When Chefs Get Romantic
Wednesday - February 06, 2008
Ever wonder what the owners of some of the most romantic restaurants in the nation do when they’re in the mood for love? I spent some time last week chatting with chefs to find out where they head when they need to get romantic.
As you’d expect from one of the most famous chefs in America, Roy Yamaguchi’s idea of romance is rooted firmly in the kitchen - but not necessarily his restaurant kitchen.
“I would love to cook up a sensual, romantic dinner for my date at home,” he says. “Tableside works best because it’s a personal gift from me to someone special. A dinner for someone you love is about saying ‘This is for you and only you,’” he says, adding that he hasn’t been out on a Valentine’s date in more than a decade.

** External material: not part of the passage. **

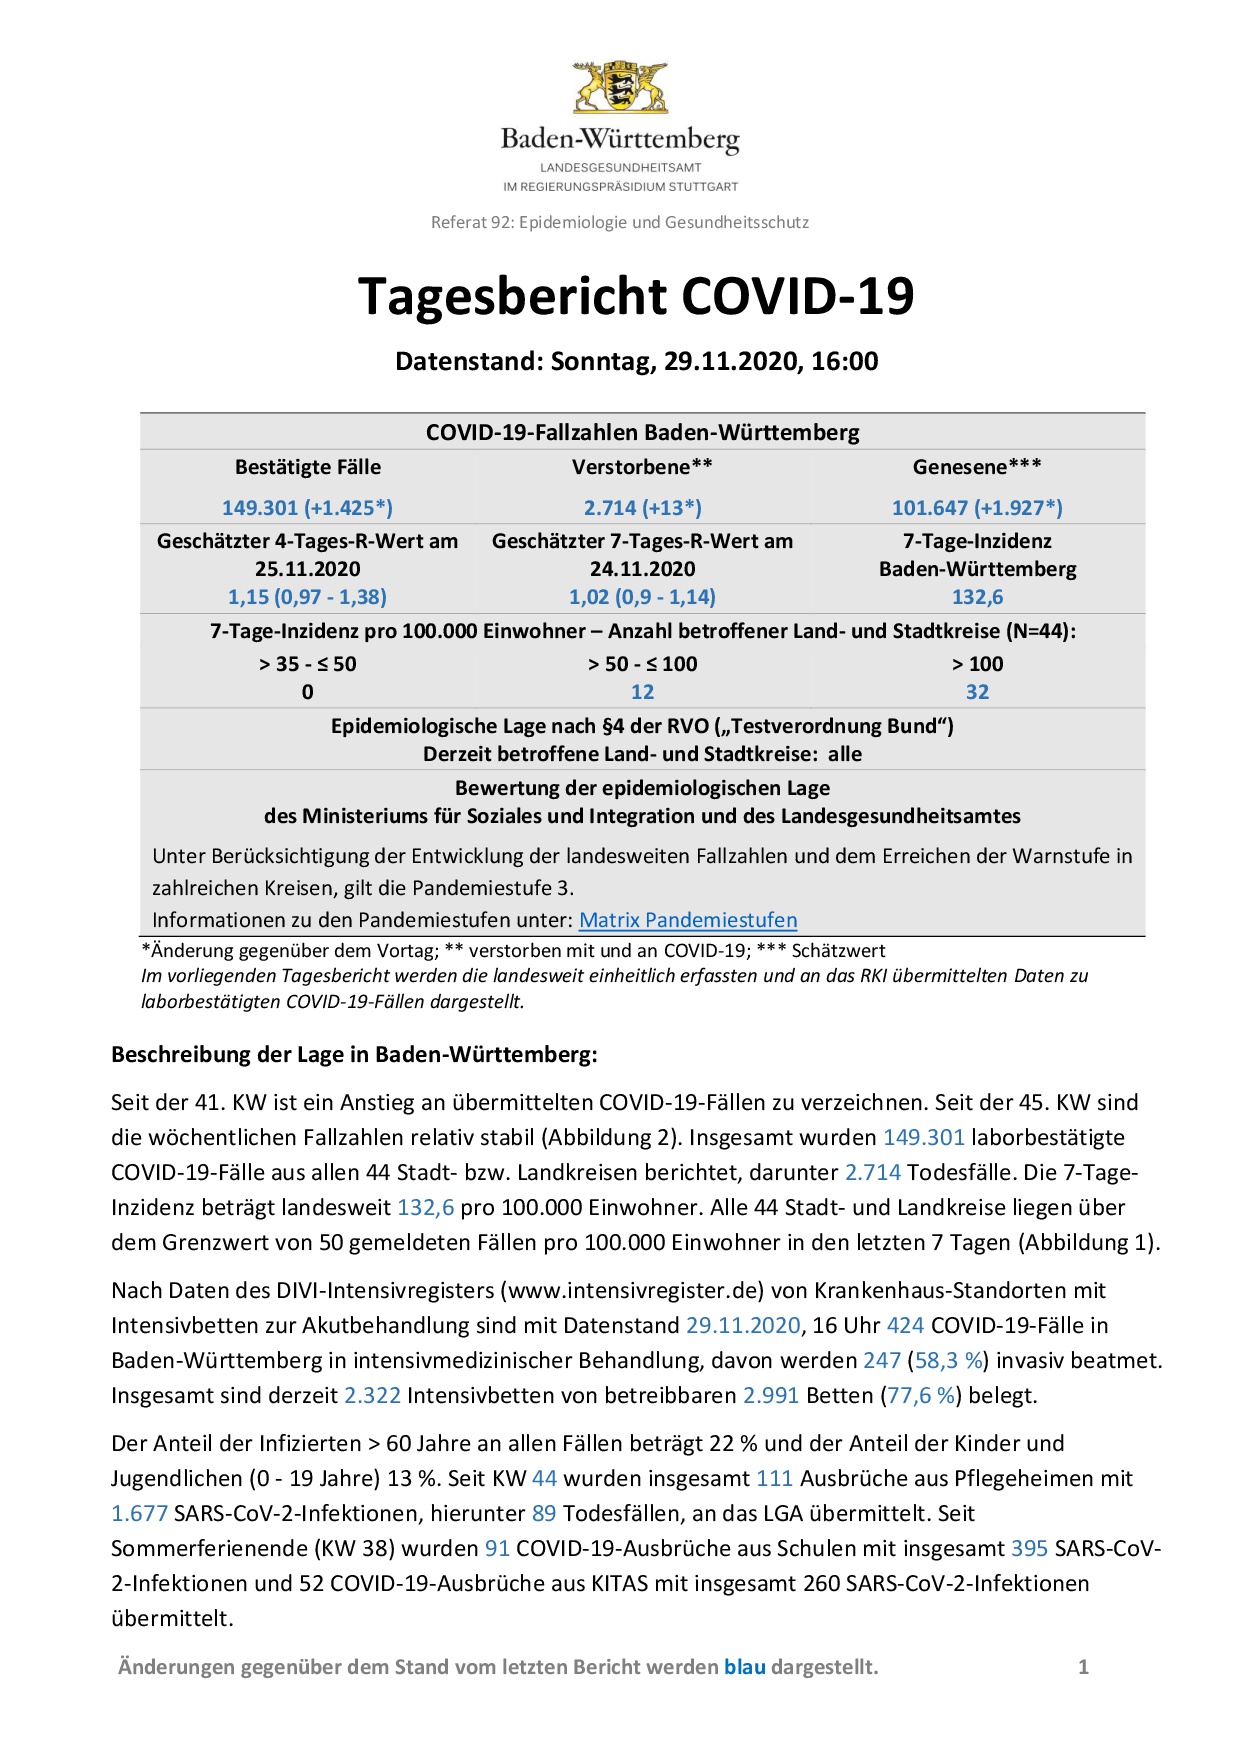 COVID-19 Tagesbericht (29.11.2020) des Landesgesundheitsamts Baden-Württemberg – (ausführlicher)

I pointed out, quite accurately, I thought, that there are hundreds of women who’d go weak at the knees at the thought of Roy Yamaguchi cooking dinner for them and he thanked me, giving the wry smile that has been known to make lesser food writers swoon. If he ever does manage to find a date on Valentine’s night, he says he’ll head to Alan Wong’s.
“To me,” says Yamaguchi, “romance is all about the total experience, not just the room or the food. Food that is sexy in presentation sets the tone and becomes the icing on the cake.”
Or on Roy’s chocolate soufflé.
D.K. Kodama owns a couple of very romantic restaurants. His steak house in Waikiki is gorgeous, and he eats there often with wife Lori. “I think that going out for dinner is definitely one of the most romantic ways to spend an evening,” says the amiable chef, adding that he and Lori eat “everywhere.”
“The most romantic Valentine’s I ever had was on a cruise ship,” he says. “I decorated the room with hearts and balloons, and the whole thing was special. I don’t remember what we ate, though.”
On the North Shore, Ola at Turtle Bay is one of the most romantically appointed restaurants in Hawaii. It sits right on the beach and is booked out months in advance for Valentine’s. But after a busy night at the restaurant, chef/owner Fred De Angelo’s idea of romance involves a hibachi and late-night dining with wife Cheryl. “The most romantic night we ever had was a picnic over at Kahala one Halloween,” says Fred. “We were kind of doing the opposite thing from everyone else.”
And finally I asked Chef Mavro about his idea of romance. The French are supposed to know about such things and, after all, Chef Mavro, his eponymous King Street restaurant, has been voted one of the 10 best restaurants in the world.
“Romantic food should be smooth and sweet,” says the chef. “Like the Keahole lobster curry at my restaurant, where the natural sweetness of the lobster matches perfectly with our curry sauce.” Mavro’s idea of romance is a sunset walk with wife Donna along the beachwalk between the zoo and Kaimana Beach, followed by a cocktail at the Hau Tree Lanai Bar and then dinner at home. “We actually do it quite often,” he says with a smile.
Oh, and if you do still need to find a restaurant with great food, and more importantly some empty tables, try Side Street Inn. The incredibly popular restaurant/bar home to culinary stars and top chefs is unusually quiet on Valentine’s night, despite dinner specials worthy of the finest restaurants. “People don’t think of us as romantic, I guess,” says chef/owner Colin Nishida with a grin, “except when they find out that everywhere else is fully booked!”
Trust me, for foodies, it doesn’t get much better than Side Street Inn any night of the year.